## WHAT IS REQUIRED:
Apart from the pictures, every line below needs to be reproduced verbatim.

--- DATASET SECTION Enclosed Below ---

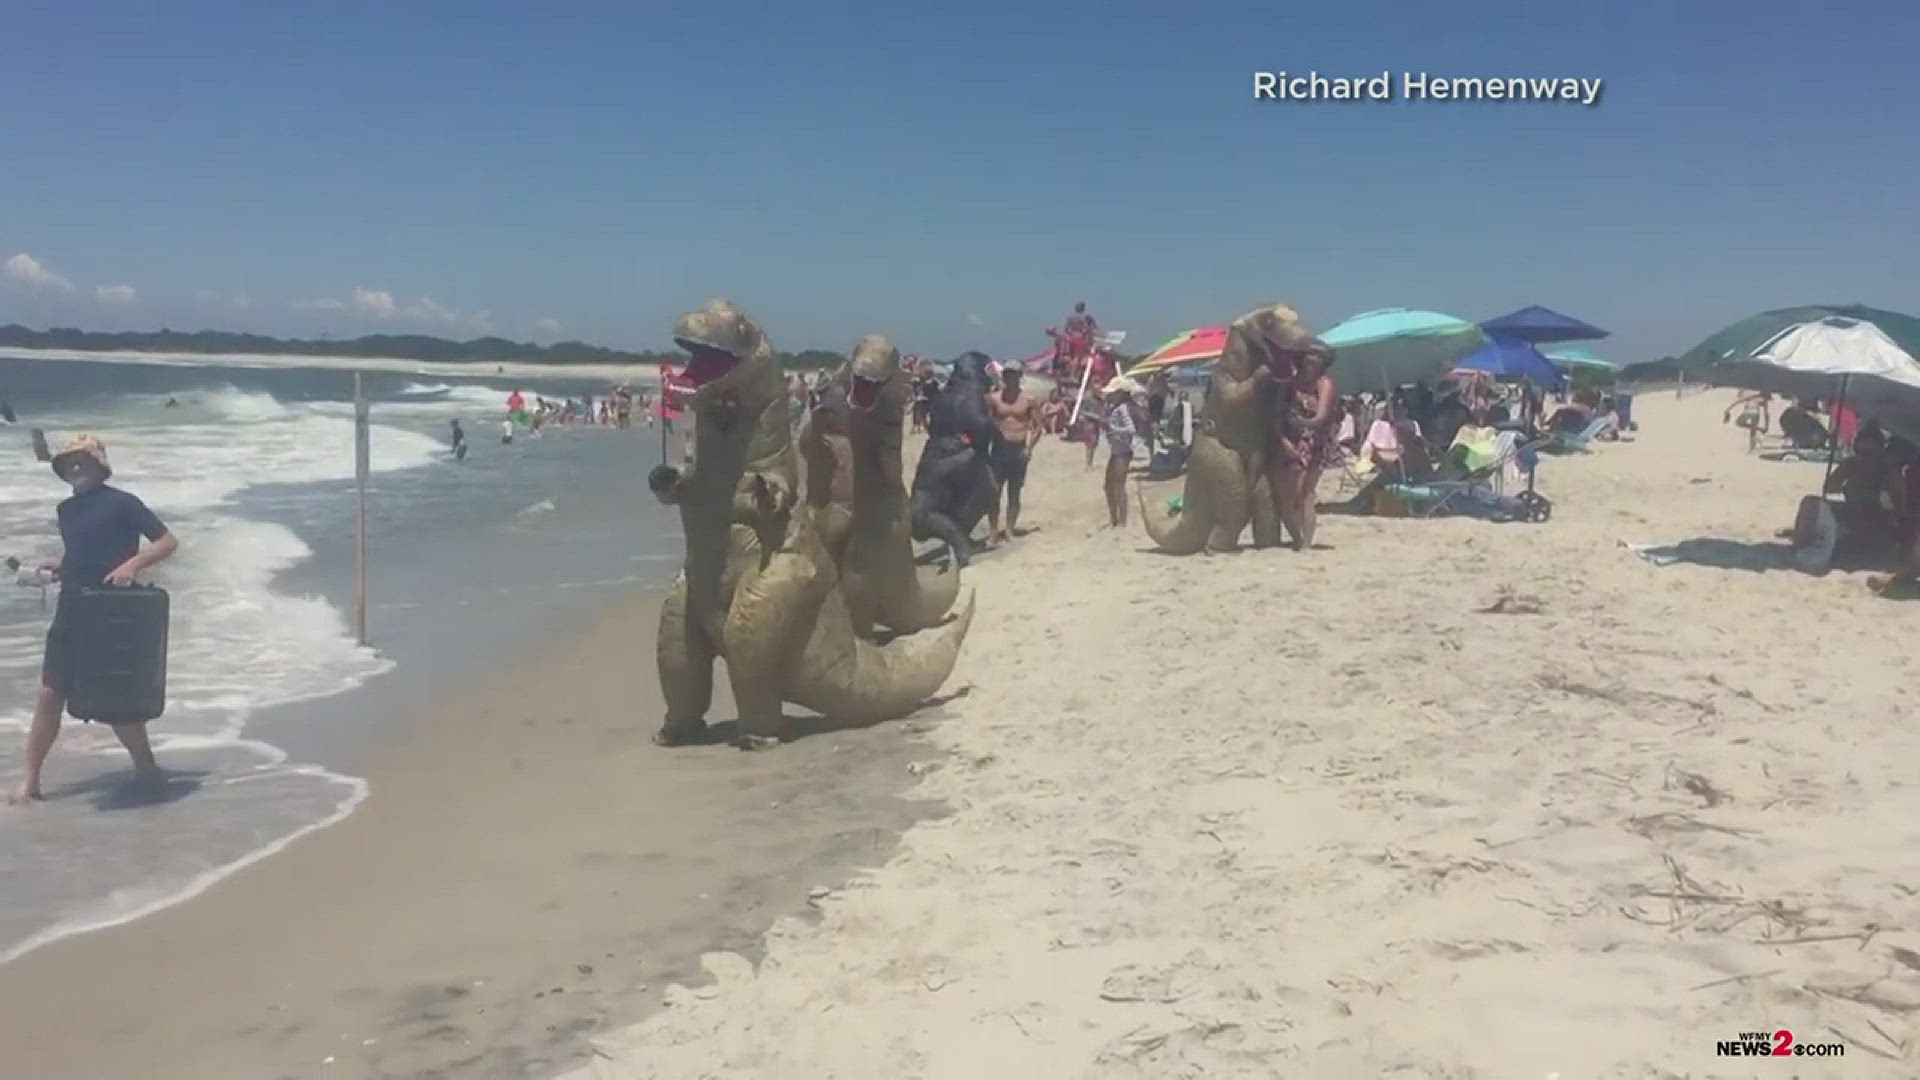 Check out these dancing beach dinosaurs found on Cape May in NJ
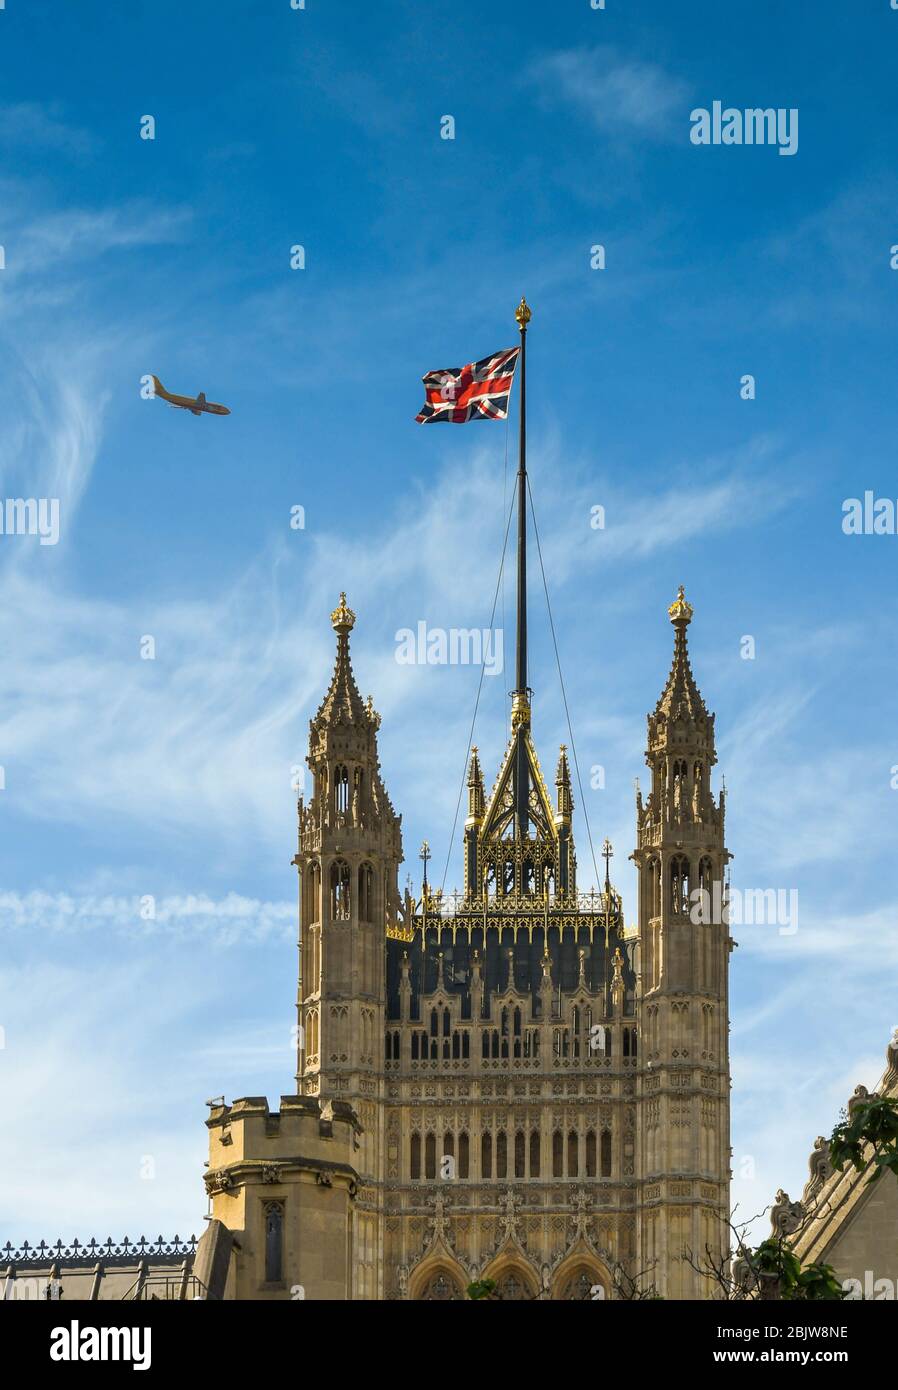 LONDON, ENGLAND - JUNE 2018: The Victoria Tower in the Palace of Westminster with the Union Jack flag flying and a passing jet Stock Photo
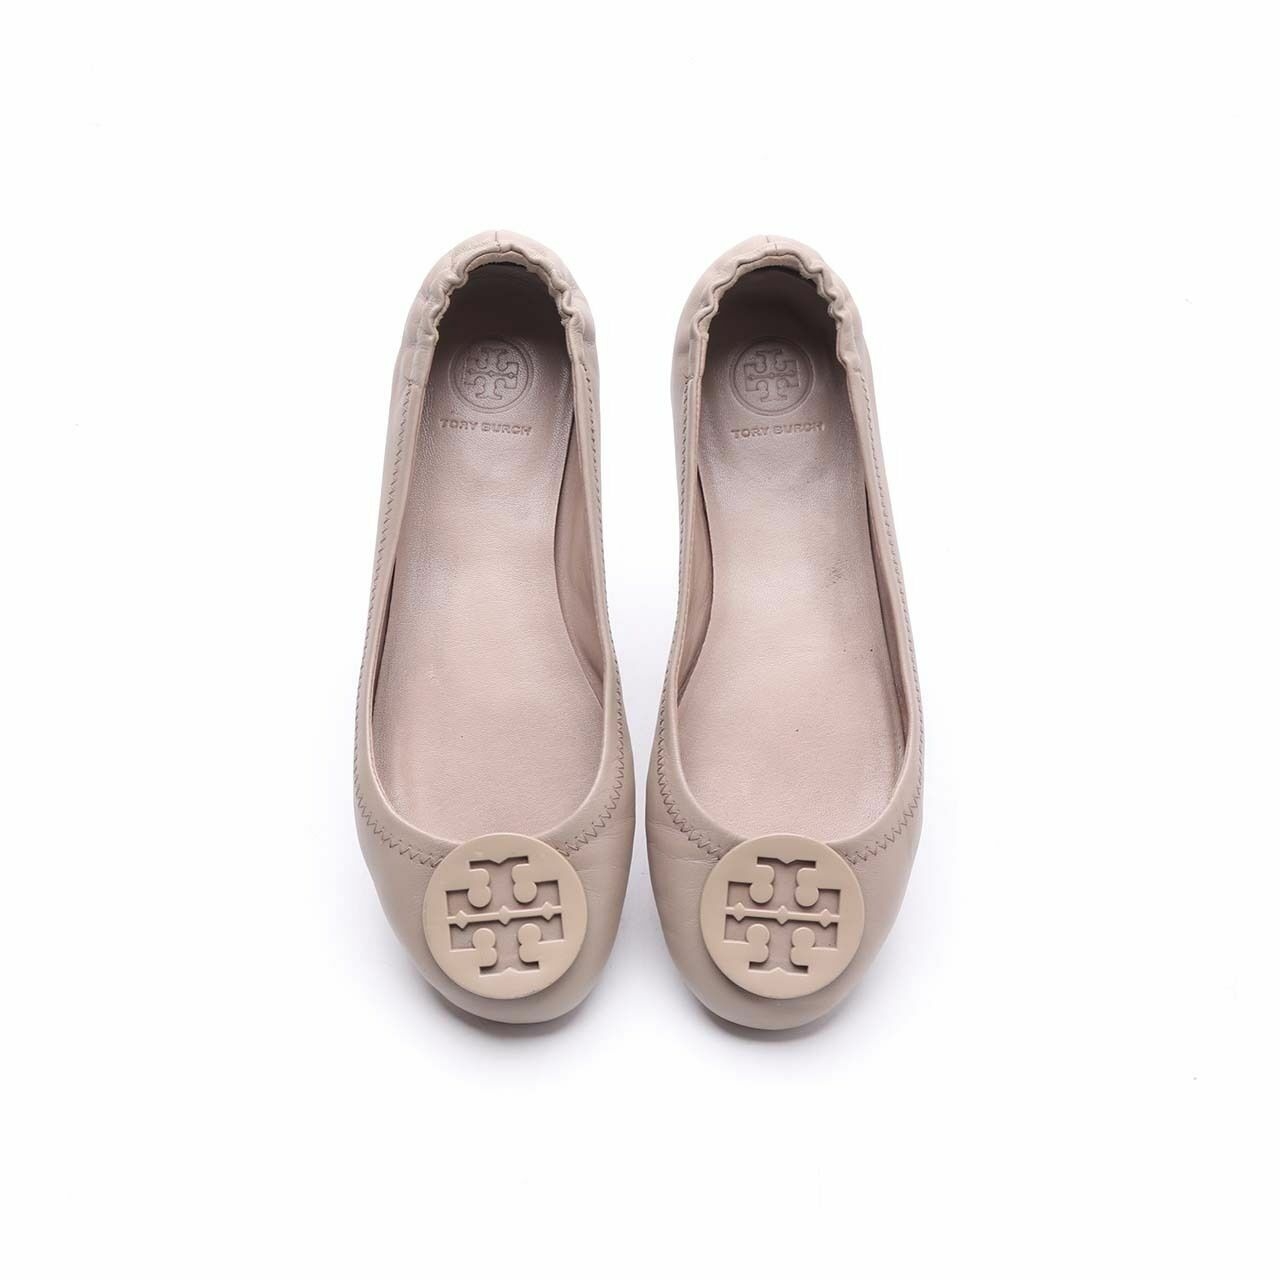 Tory Burch Minnie Travel Ballet With Logo Nappa Leather Flats

--- End of Enclosed DATASET SECTION ---

## OUTPUT OF THE TASK:
 Check out these dancing beach dinosaurs found on Cape May in NJ
 LONDON, ENGLAND - JUNE 2018: The Victoria Tower in the Palace of Westminster with the Union Jack flag flying and a passing jet Stock Photo
 Tory Burch Minnie Travel Ballet With Logo Nappa Leather Flats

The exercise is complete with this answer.